Key Components Explained¶

1. Time Column Declaration¶

kind INCREMENTAL_BY_TIME_RANGE (
  time_column order_date  -- Tell Vulcan which column has dates
)

What it does: Tells Vulcan which column contains the timestamp/date for each row. This is how Vulcan knows how to filter and group your data by time.

2. WHERE Clause with Macros¶

WHERE order_date BETWEEN @start_ds AND @end_ds

What it does: Filters data to only the time range being processed. Without it, you'd process all your data every time.

@start_ds = Start date of the interval (e.g., '2025-01-15')
@end_ds = End date of the interval (e.g., '2025-01-21')

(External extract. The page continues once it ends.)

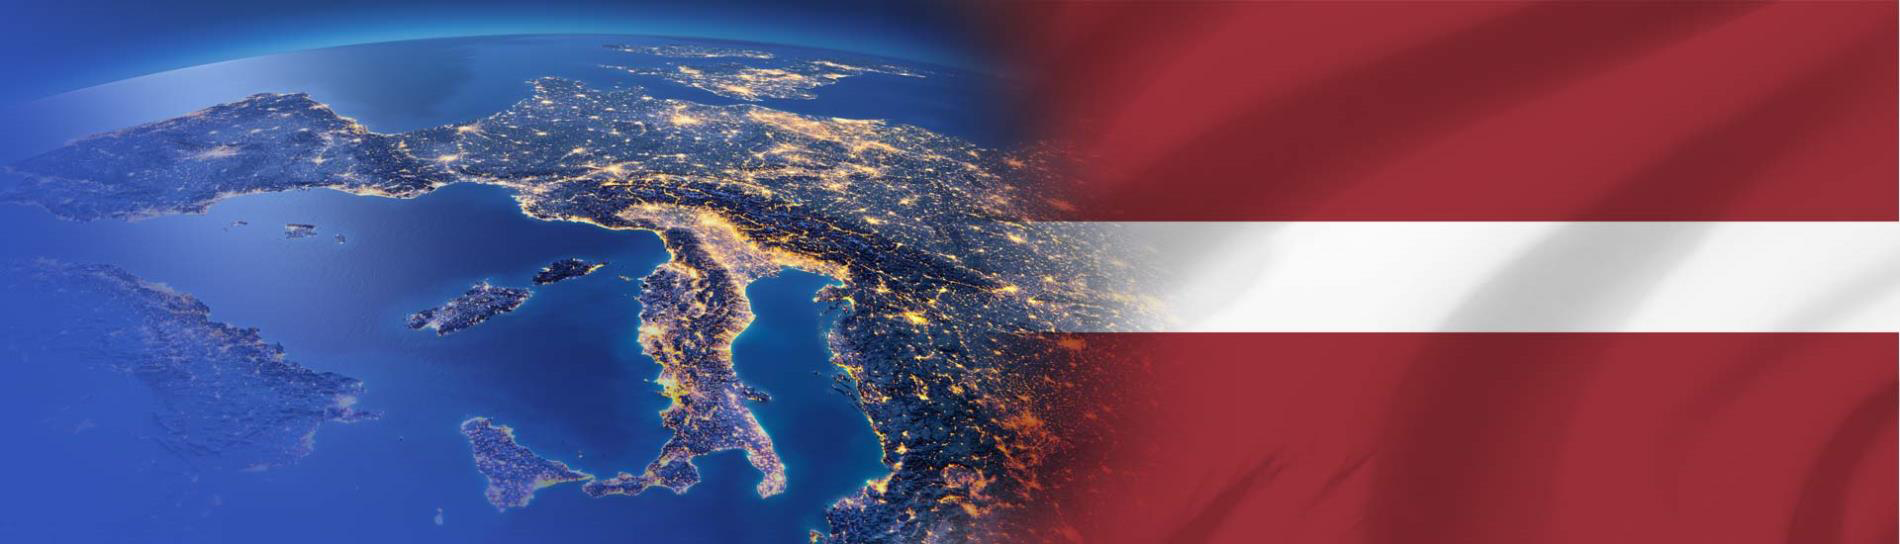 דגל לטביה ביבשת אירופה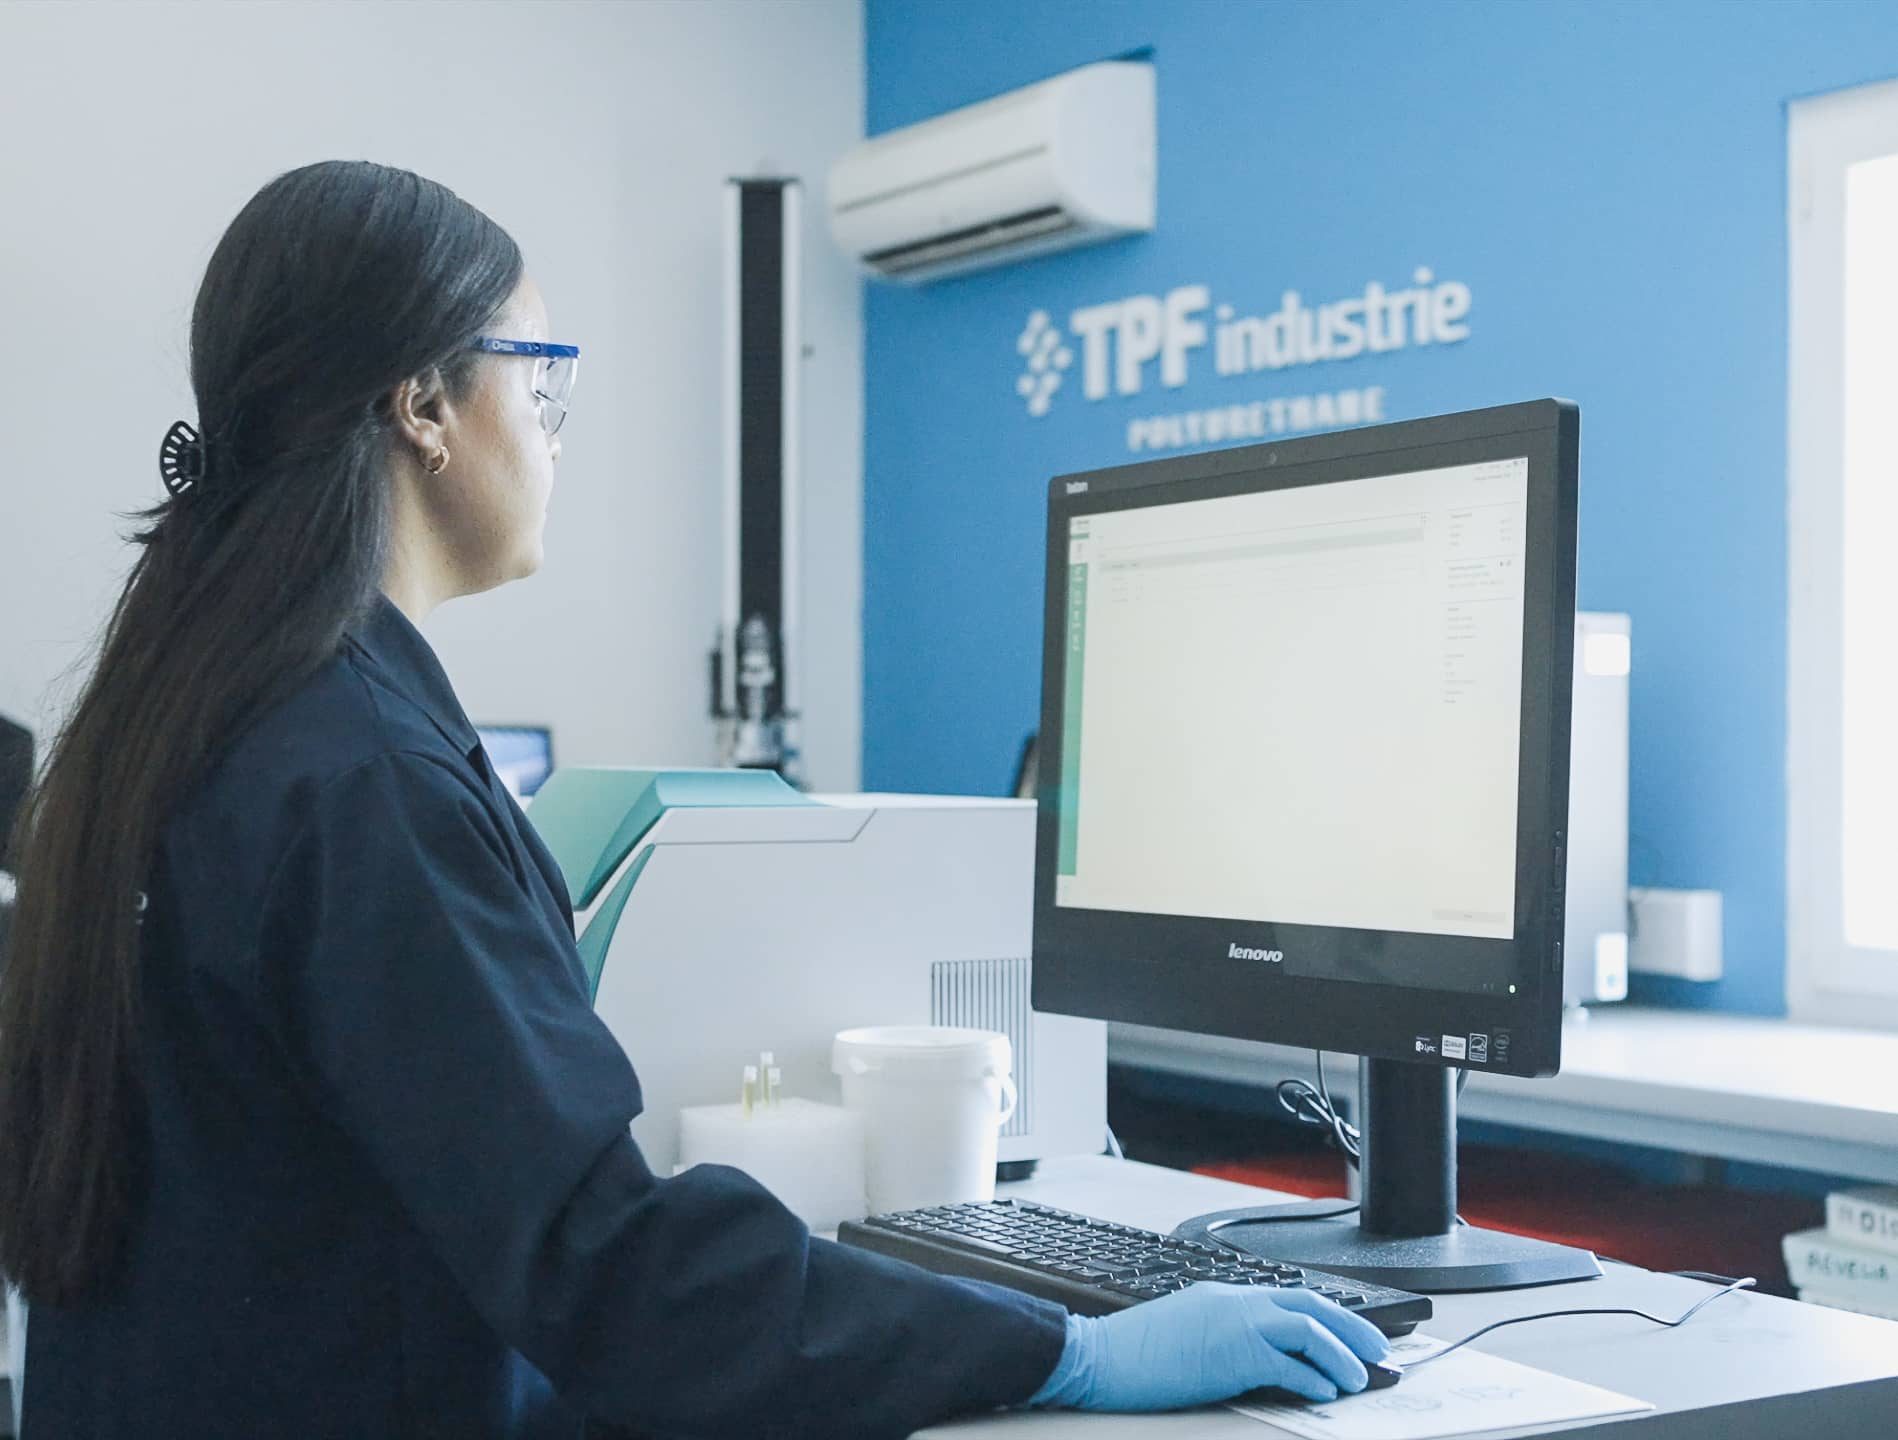 Ingénieure au travail au sein du laboratoire d'essai, département Recherche et Développement de l'usine TPF Industrie

Vulcan automatically replaces these with the correct dates! You don't have to figure out what dates to process, Vulcan does that for you.

3. Start Date¶

start '2025-01-01'

What it does: Tells Vulcan when your data begins. Vulcan will backfill from this date when you first create the model, processing all historical data up to today.

Step 3: Apply the Model¶

Run vulcan plan to apply your new model:

vulcan plan dev

Expected Output:

======================================================================
Successfully Ran 2 tests against postgres
----------------------------------------------------------------------

Differences from the `prod` environment:

Models:
└── Added:
    └── sales.weekly_sales

Models needing backfill (missing dates):
└── sales.weekly_sales: 2025-01-01 - 2025-01-15

Apply - Backfill Tables [y/n]: y

Vulcan will process each week incrementally:

[1/3] sales.weekly_sales  [insert 2025-01-01 - 2025-01-07]  1.2s
[2/3] sales.weekly_sales  [insert 2025-01-08 - 2025-01-14]  1.1s
[3/3] sales.weekly_sales  [insert 2025-01-15 - 2025-01-21]  1.3s

Executing model batches ━━━━━━━━━━━━━━━━━━━━━━━━━━━━━━━━━━━━━━━━ 100.0% • 3/3 • 0:00:03

✔ Model batches executed
✔ Plan applied successfully

Real Example: Daily Sales from Orders360¶

Here's the actual daily_sales model from Orders360 (currently FULL, but could be incremental):

MODEL (
  name sales.daily_sales,
  kind FULL,  -- Could be INCREMENTAL_BY_TIME_RANGE
  cron '@daily',
  grains (order_date),
  tags ('silver', 'sales', 'aggregation'),
  terms ('sales.daily_metrics', 'analytics.sales_summary'),
  description 'Daily sales summary with order counts and revenue',
  column_descriptions (
    order_date = 'Date of the sales',
    total_orders = 'Total number of orders for the day',
    total_revenue = 'Total revenue for the day',
    last_order_id = 'Last order ID processed for the day'
  ),
  column_tags (
    order_date = ('dimension', 'grain', 'date'),
    total_orders = ('measure', 'count'),
    total_revenue = ('measure', 'financial'),
    last_order_id = ('dimension', 'identifier')
  ),
  assertions (
    unique_values(columns := (order_date)),
    not_null(columns := (order_date, total_orders, total_revenue)),
    positive_values(column := total_orders),
    positive_values(column := total_revenue)
  )
);

SELECT
  CAST(order_date AS TIMESTAMP)::TIMESTAMP AS order_date,
  COUNT(order_id)::INTEGER AS total_orders,
  SUM(total_amount)::FLOAT AS total_revenue,
  MAX(order_id)::VARCHAR AS last_order_id
FROM raw.raw_orders
GROUP BY order_date
ORDER BY order_date

To make this incremental, you would:

Change kind FULL to kind INCREMENTAL_BY_TIME_RANGE
Add time_column order_date
Add WHERE order_date BETWEEN @start_ds AND @end_ds

MODEL (
  name sales.daily_sales,
    kind INCREMENTAL_BY_TIME_RANGE (
    time_column order_date
  ),
  start '2025-01-01',
  cron '@daily',
  -- ... rest stays the same
);

SELECT
  CAST(order_date AS TIMESTAMP)::TIMESTAMP AS order_date,
  COUNT(order_id)::INTEGER AS total_orders,
  SUM(total_amount)::FLOAT AS total_revenue,
  MAX(order_id)::VARCHAR AS last_order_id
FROM raw.raw_orders
WHERE order_date BETWEEN @start_ds AND @end_ds  -- ADD THIS
GROUP BY order_date
ORDER BY order_date

Understanding the WHERE Clause¶

You might wonder: "Why do I need a WHERE clause if Vulcan adds one automatically?" They serve different purposes.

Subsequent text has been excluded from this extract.